More rigorously, let us turn to Markov chains to illustrate this. Let the random variable X_n be the number of infected individuals at time n (let’s assume we have discretized time into discrete steps so that time step n is equivalent to the n-th wave). (X_n) is a discrete time Markov chain since it satisfies the memoryless property: the number of infected people tomorrow only depends on the number of infected people today and no other information in the past is required.

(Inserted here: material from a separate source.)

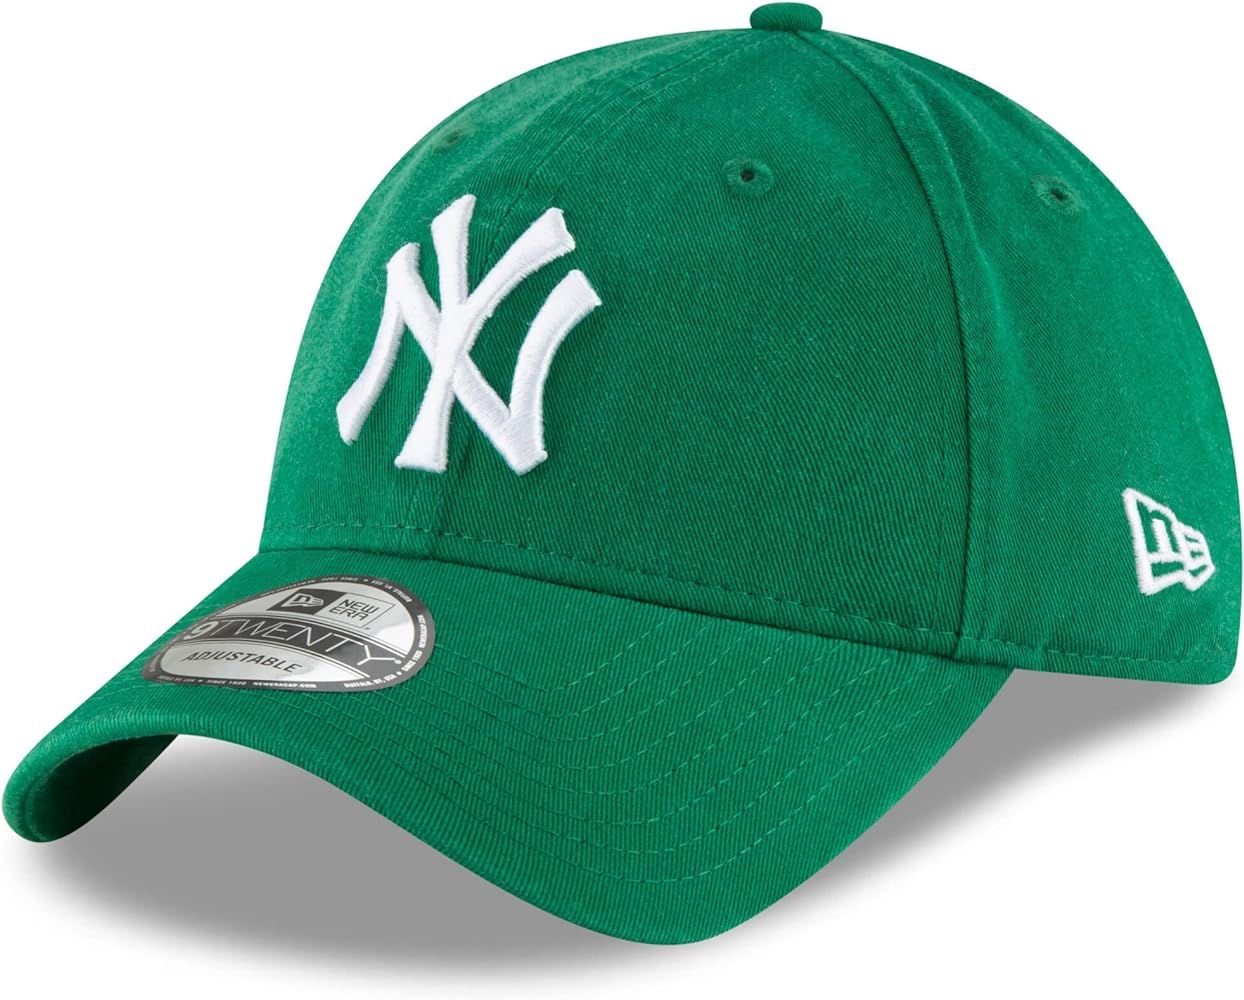 MLB Core Classic Khaki 9TWENTY Adjustable Hat Cap One Size Fits All | Amazon (US)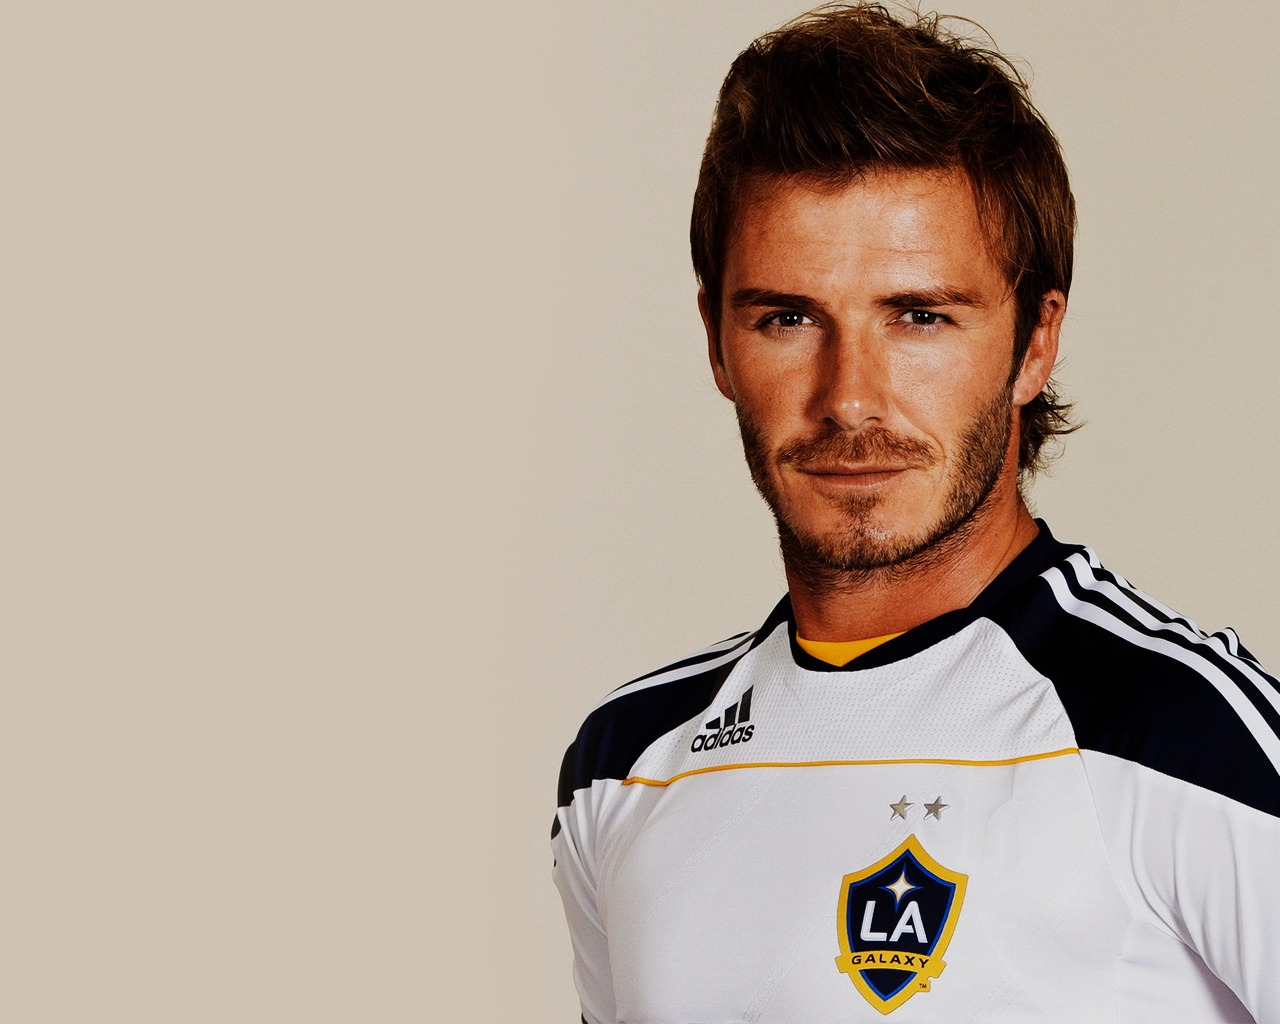 David Beckham Smile for 1280 x 1024 resolution

By our assumptions, the expected number of secondary infections from one infected individual is

R_0 = \mathbb{E}[X_1|X_0=1] = \sum_{K=1}^{{\infty}} Kp_K = p_kk.

To see this, note that p_K = 0 when K \neq k because by assumption one individual can only infect k different individuals independently with probability p ( = p_k).

So then,

\mathbb{E}[X_n|X_{n-1}] = R_0 \cdot X_{n-1}.

Taking expectations again on both sides and using the law of total expectation,

\mathbb{E}[X_n] = R_0 \cdot \mathbb{E}[X_{n-1}] = R_0^n \cdot \mathbb{E}[X_0] = R_0^n,

since X_0 = 1 (the only infected individual is Sam).

R_0 < 1 \implies E[X_n] \rightarrow 0 \text{ as } n \rightarrow \infty.

In words, if R0 < 1, we expect that the number of infected individuals at time n will go to 0 when n is large with probability 1.

So now we see why it is important for diseases to have a basic (or effective) reproduction number less than 1 for it to have a possibility of dying out before infecting everyone.

### Extinction Probability

But what if R0 > 1? Surely the larger the value, the worse it will get. But are we doomed? Not necessarily.

The question of whether there is there a positive probability that the disease will die out (so-called the extinction probability) is another thing that people can study, although this will be the topic of another time.